Provided information:
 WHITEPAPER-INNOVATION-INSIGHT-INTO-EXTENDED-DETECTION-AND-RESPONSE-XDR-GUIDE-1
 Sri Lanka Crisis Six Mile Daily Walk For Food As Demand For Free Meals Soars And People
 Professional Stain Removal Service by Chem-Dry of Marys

* * *

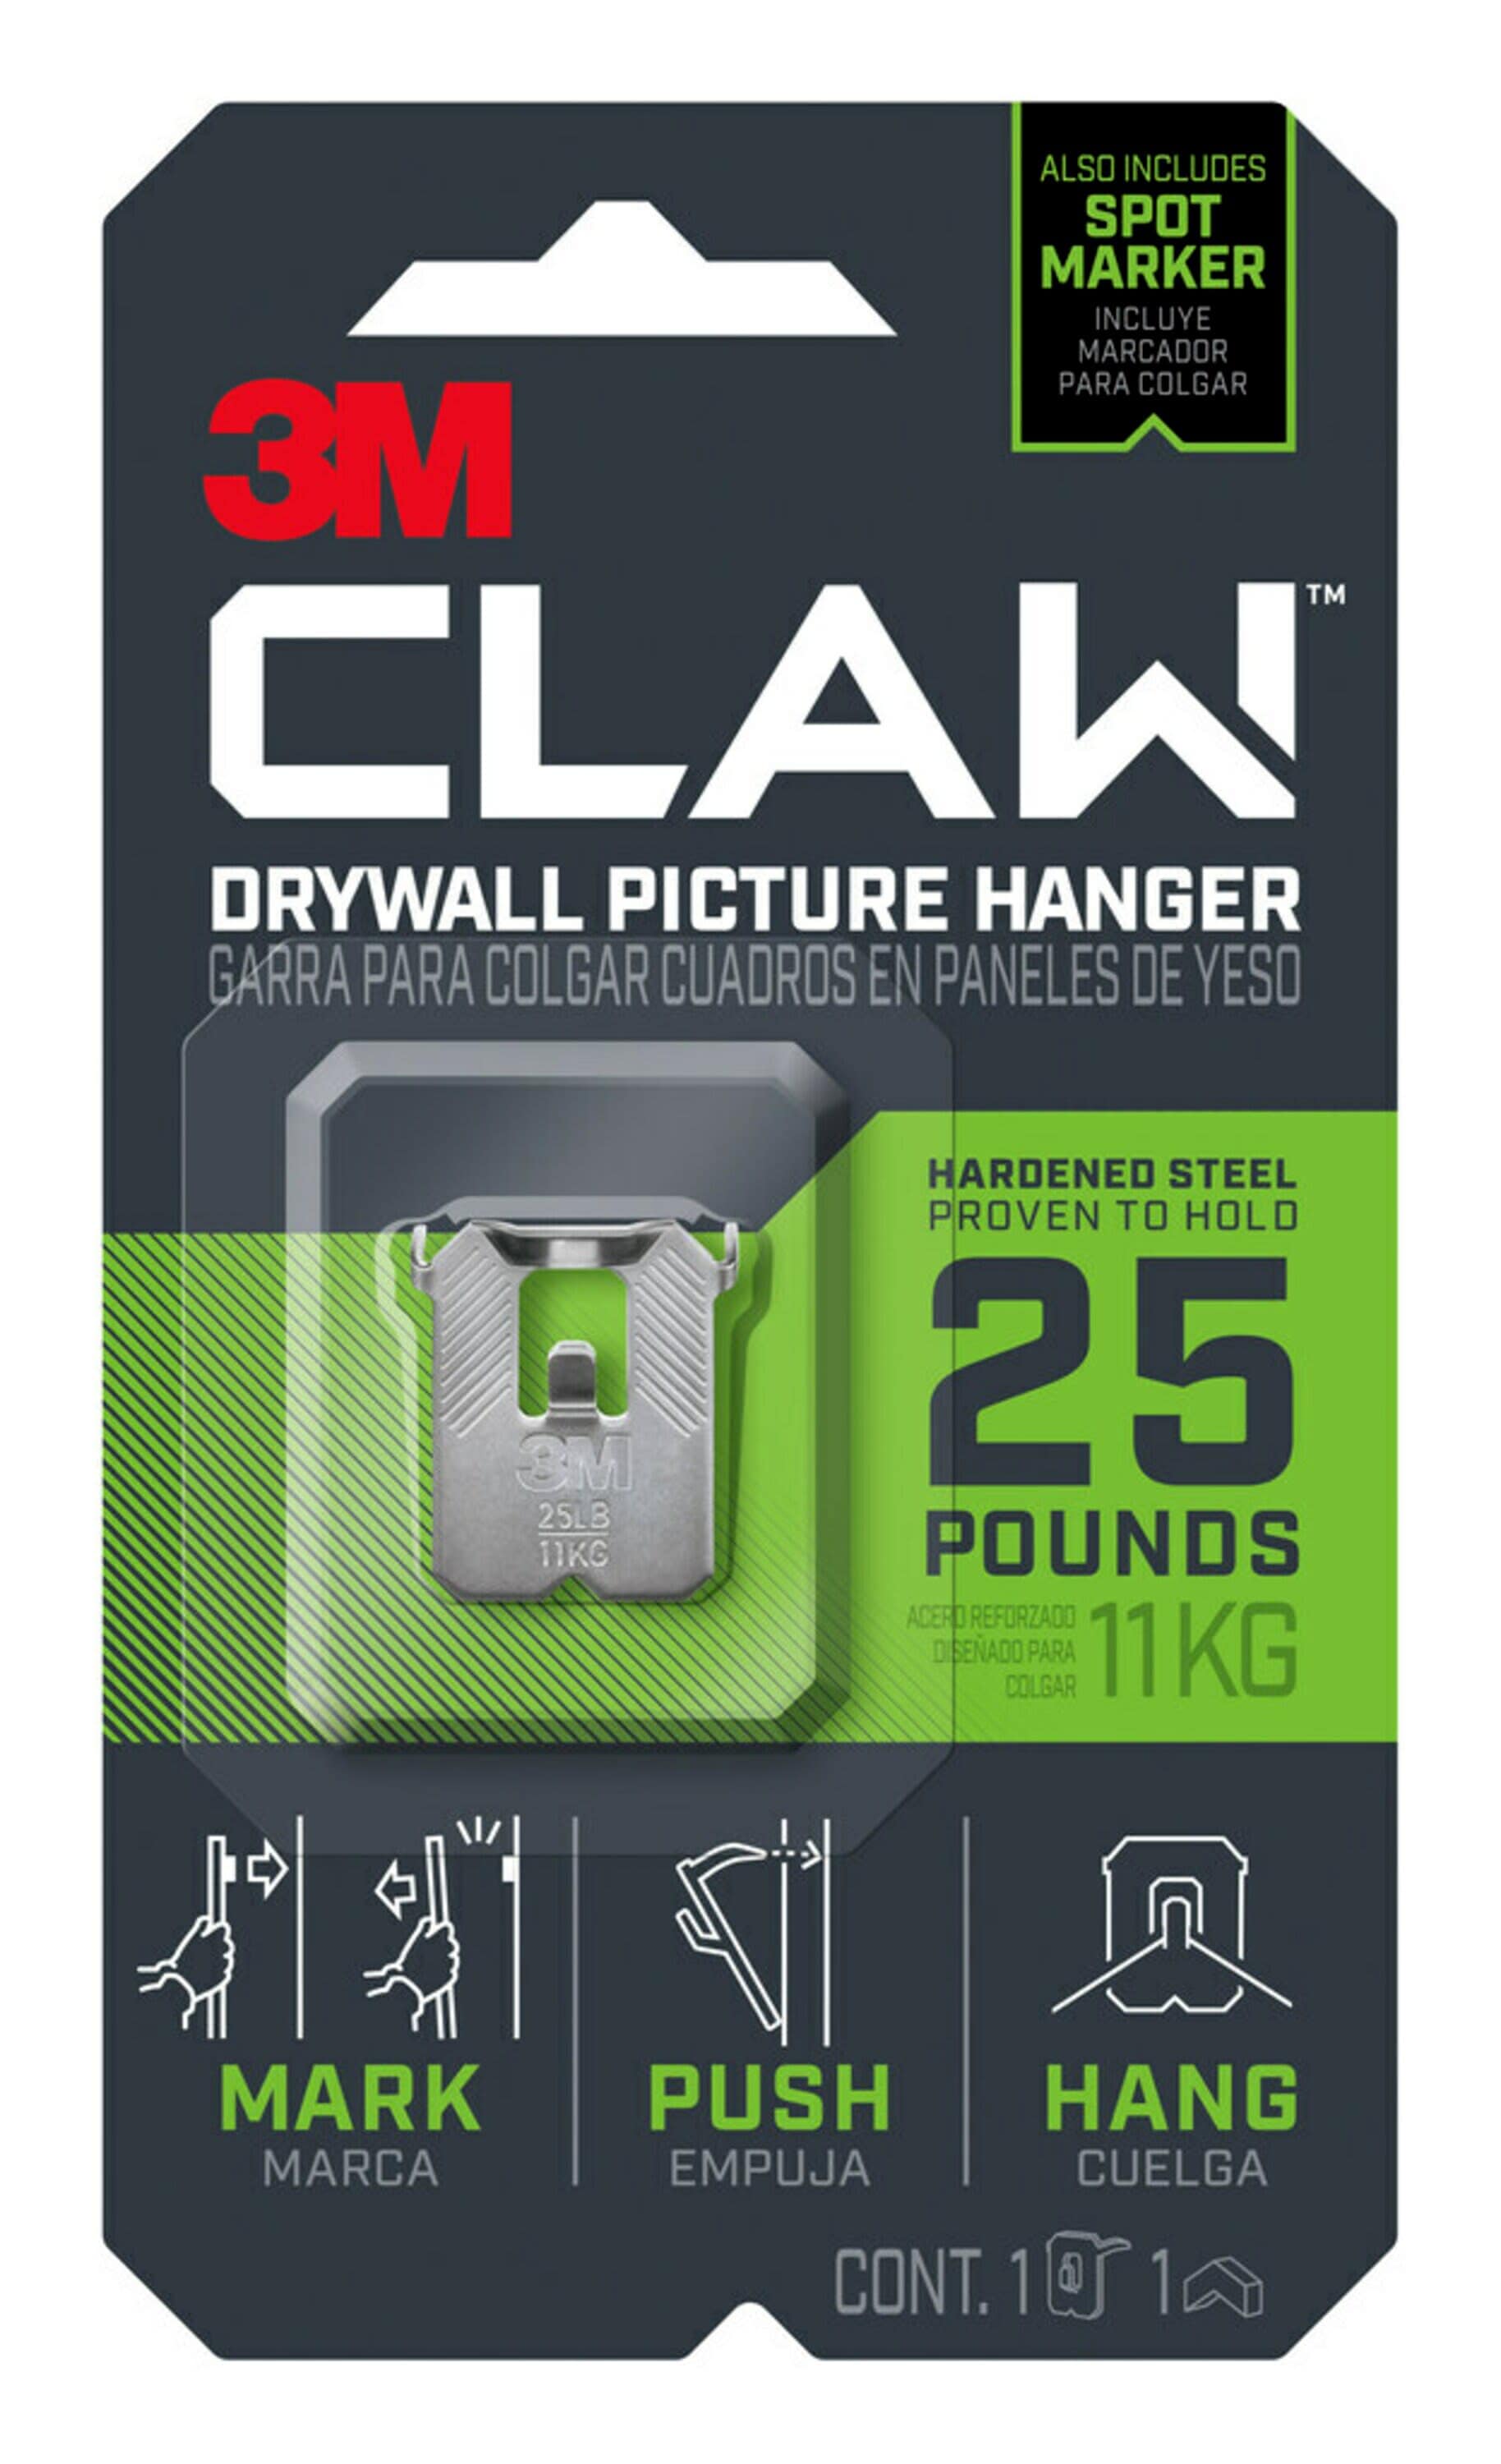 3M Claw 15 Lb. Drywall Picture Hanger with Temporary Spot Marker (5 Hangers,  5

Instructions for the task: In the listing above, locate the line containing "Sri Lanka Crisis" and the line containing "Professional Stain Removal". Transcribe those two lines and everything between them, exactly as written.

Answer to the problem:
 Sri Lanka Crisis Six Mile Daily Walk For Food As Demand For Free Meals Soars And People
 Professional Stain Removal Service by Chem-Dry of Marys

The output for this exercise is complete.